=== Section Start ===

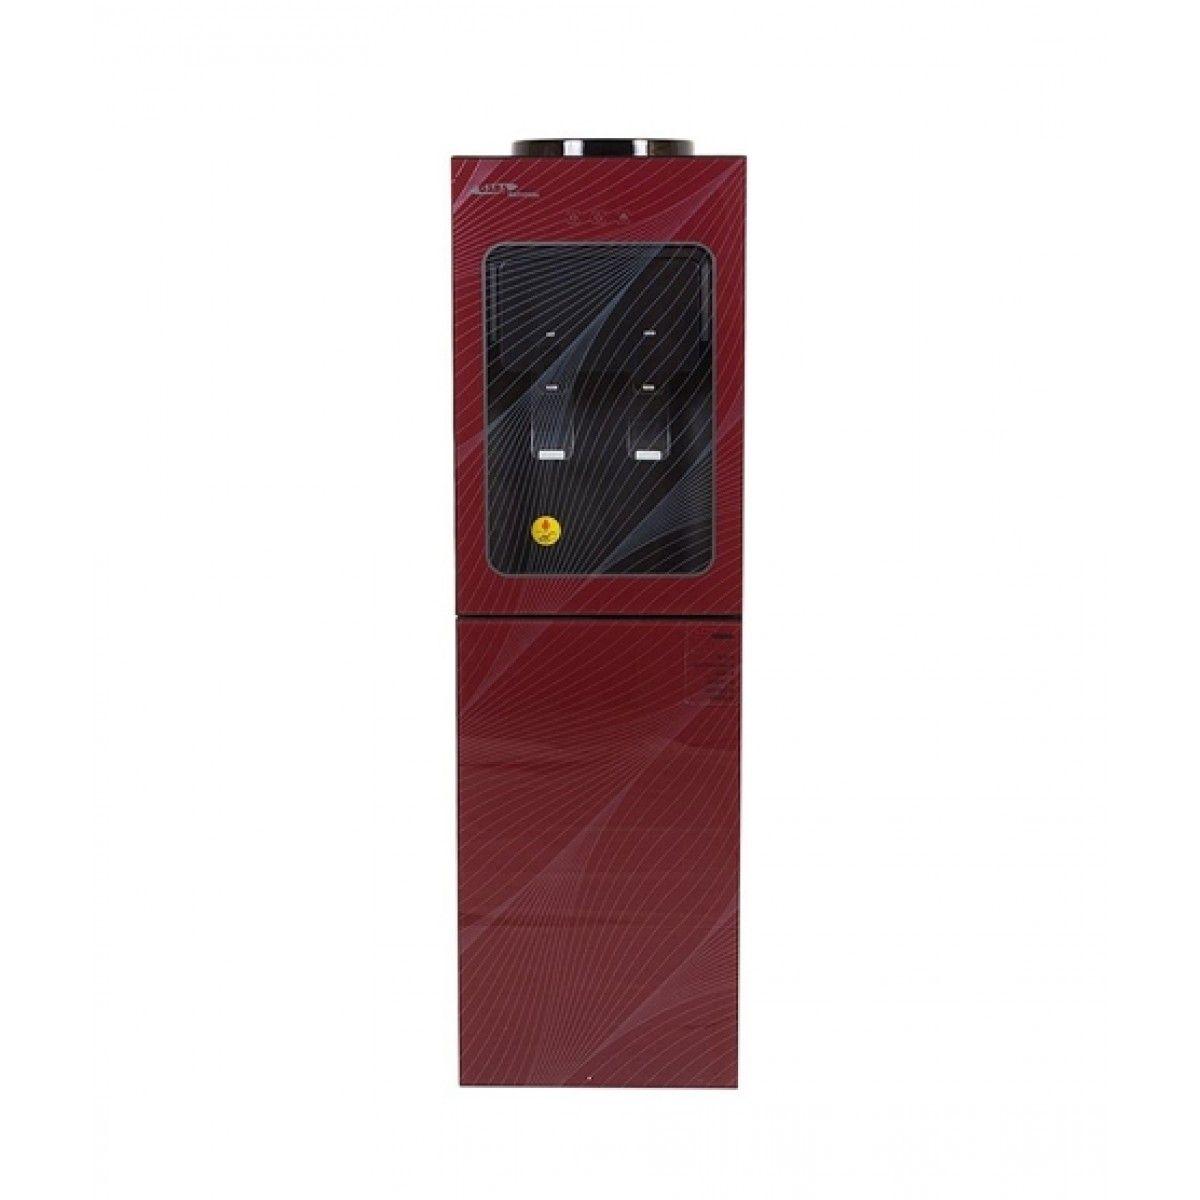 Gaba National GNW-2417 Water Dispenser
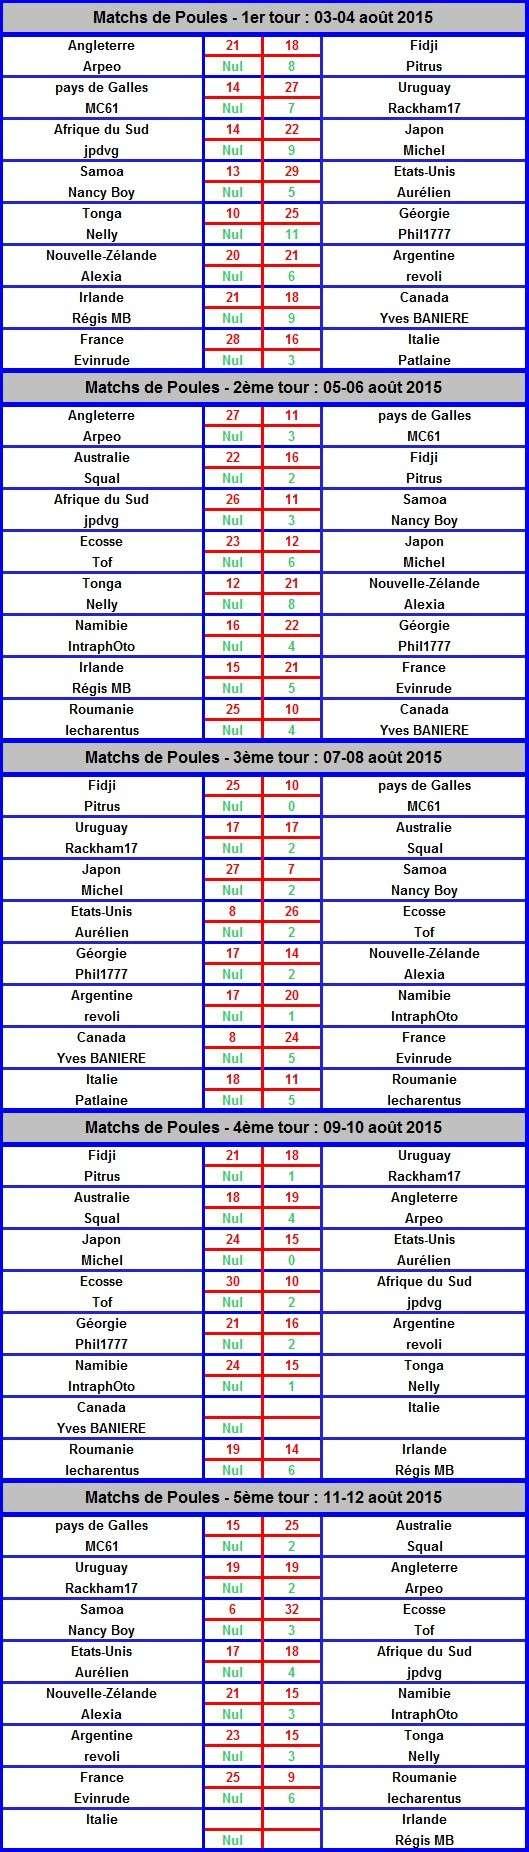 Les résultats de la Coupe du Monde Forum Photo 2015 - Page 2 Suivi_14
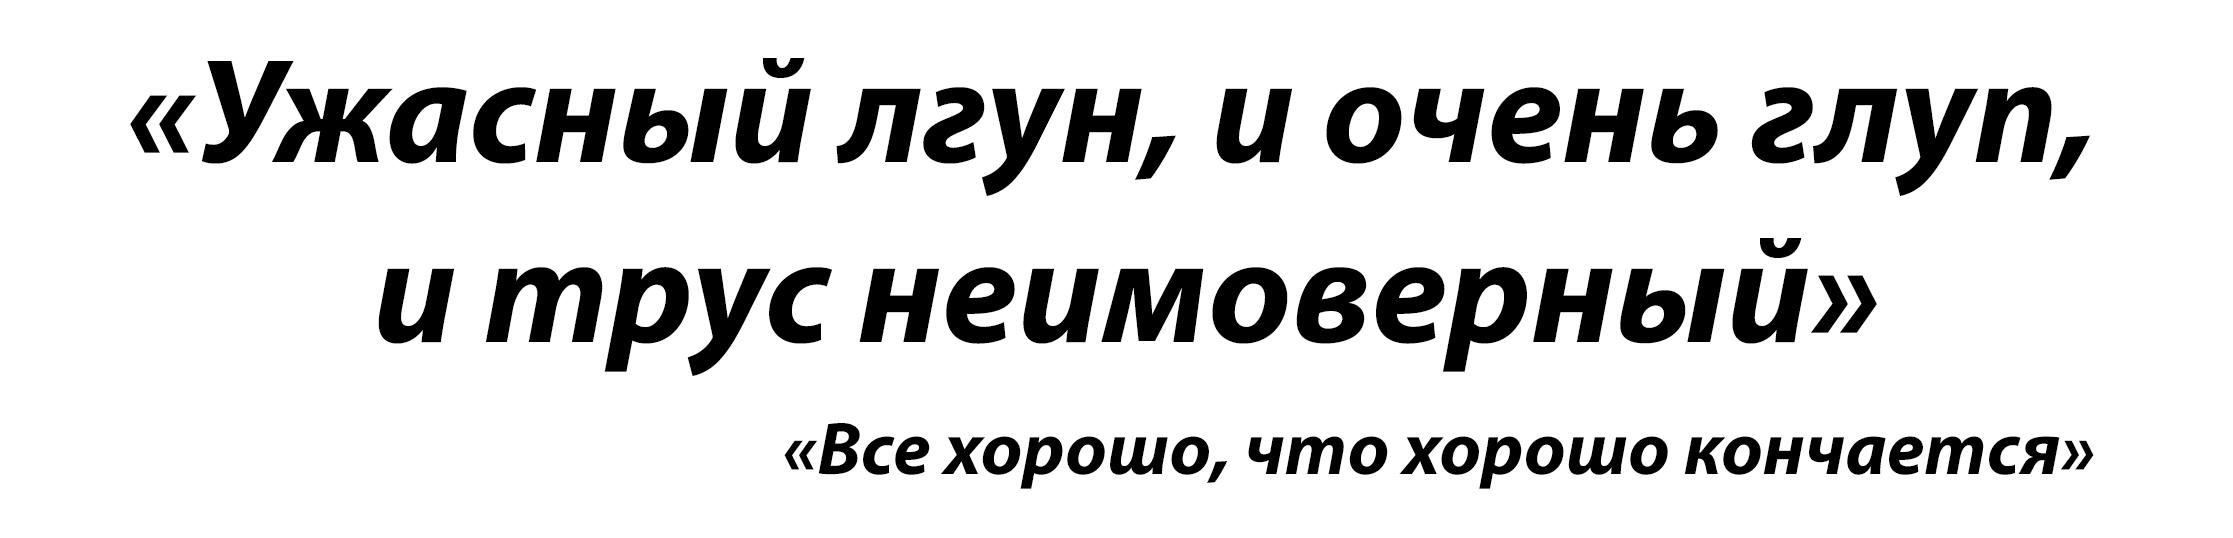 1596708871_011.jpg
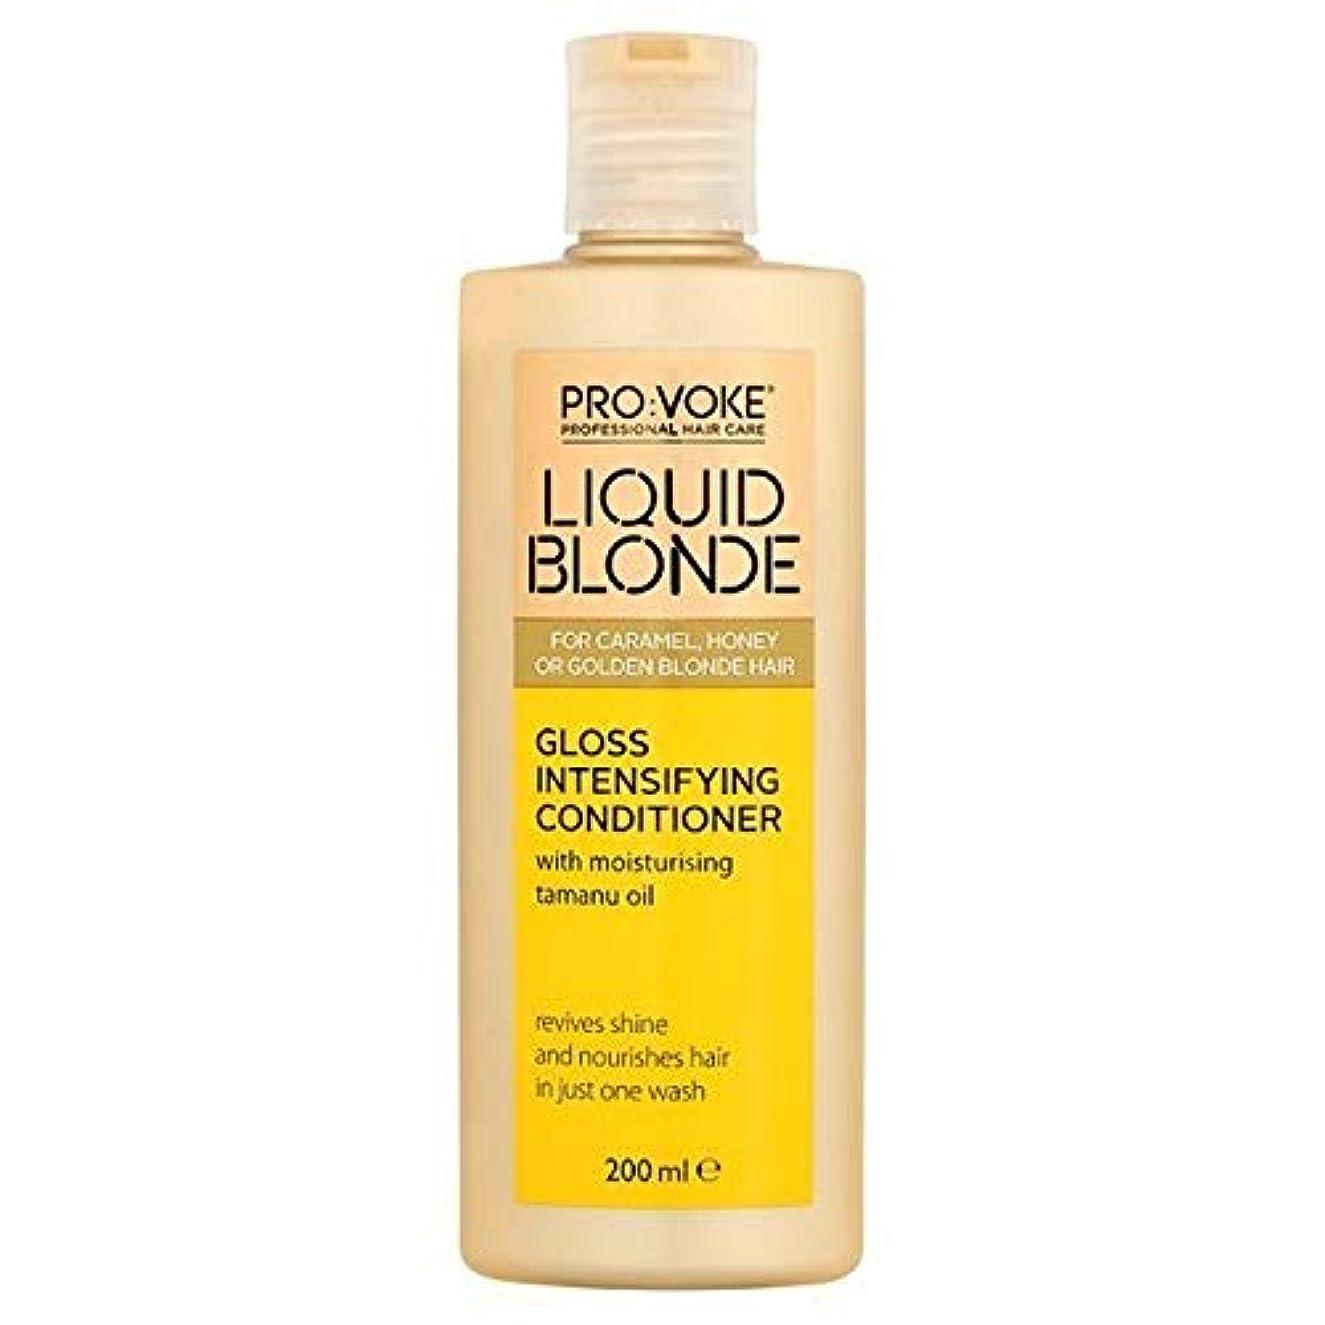 割り込み発生するクール[Pro:Voke] プロ:Voke液体ブロンド強烈な輝きコンディショナー - PRO:VOKE Liquid Blonde Intense Shine Conditioner [並行輸入品]
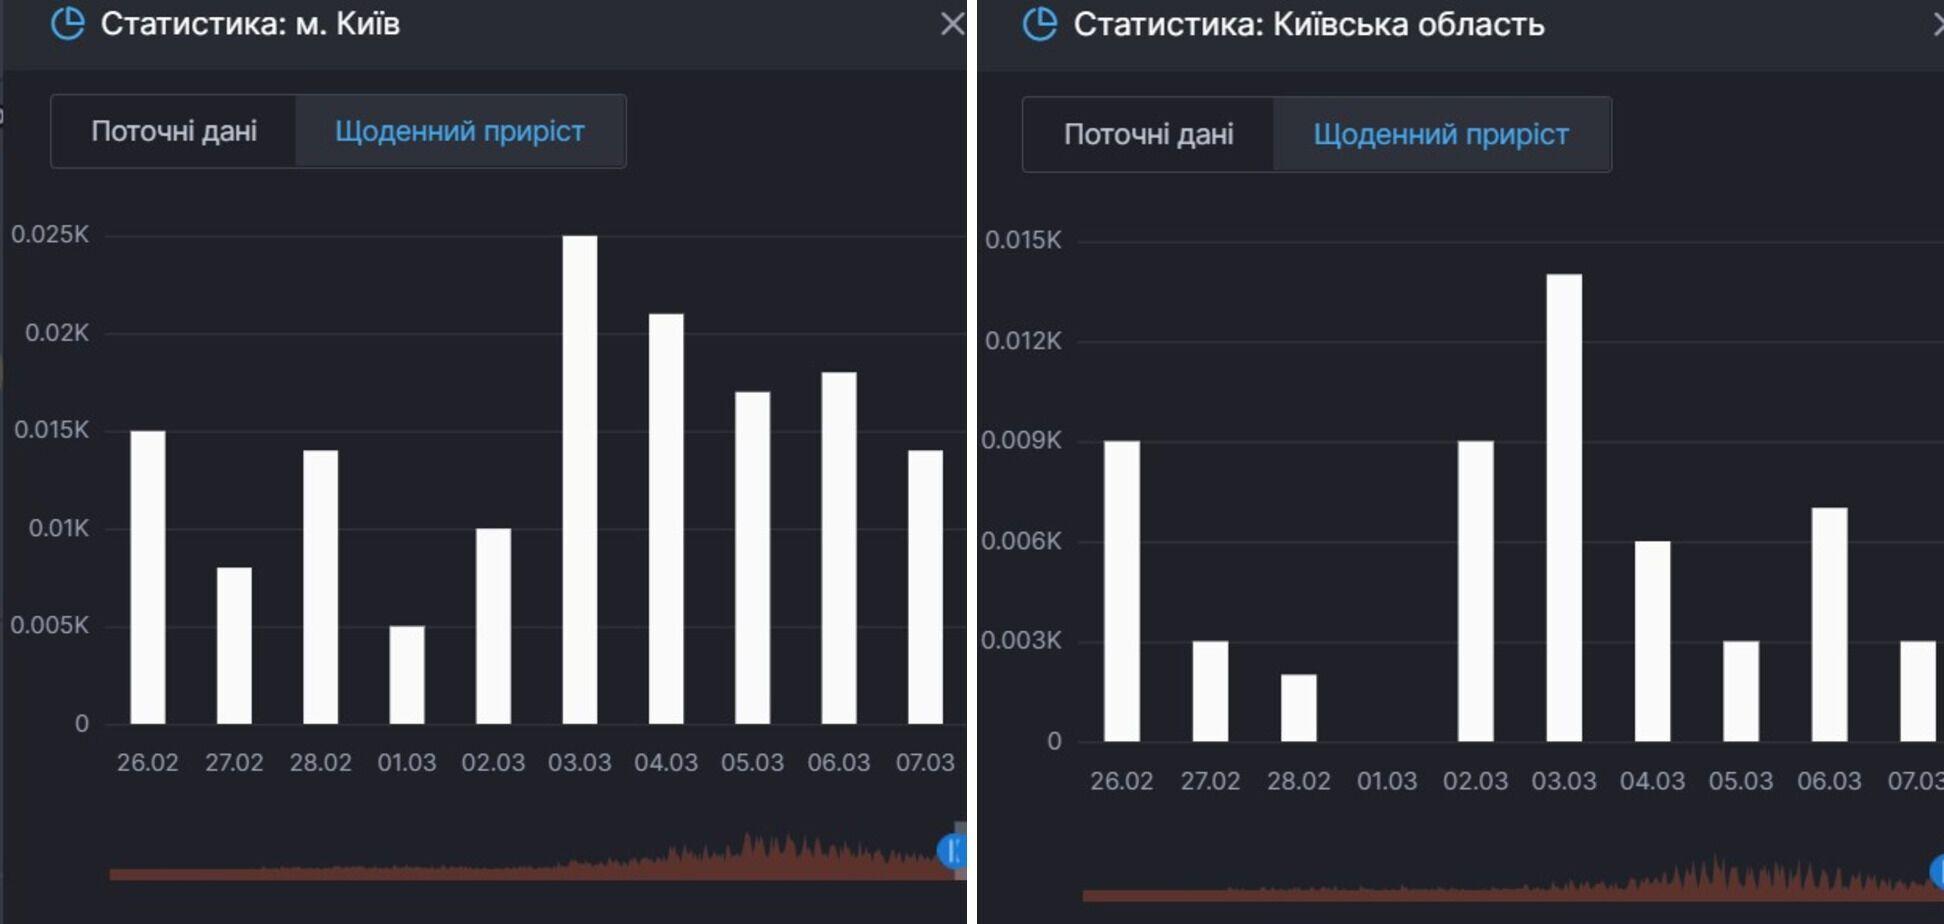 Приріст смертей від COVID-19 у Києві та області

=== Section End ===

What this task involves: Could you give again precisely the lines from the one containing "割り込み発生するクール[Pro:Voke] プロ:Voke液体ブロンド強烈な輝きコンディショナー - PRO:VOKE" through the final line of the material above, both included, and no others, dropping the pictures?

Reply to the exercise:
 割り込み発生するクール[Pro:Voke] プロ:Voke液体ブロンド強烈な輝きコンディショナー - PRO:VOKE Liquid Blonde Intense Shine Conditioner [並行輸入品]
 Приріст смертей від COVID-19 у Києві та області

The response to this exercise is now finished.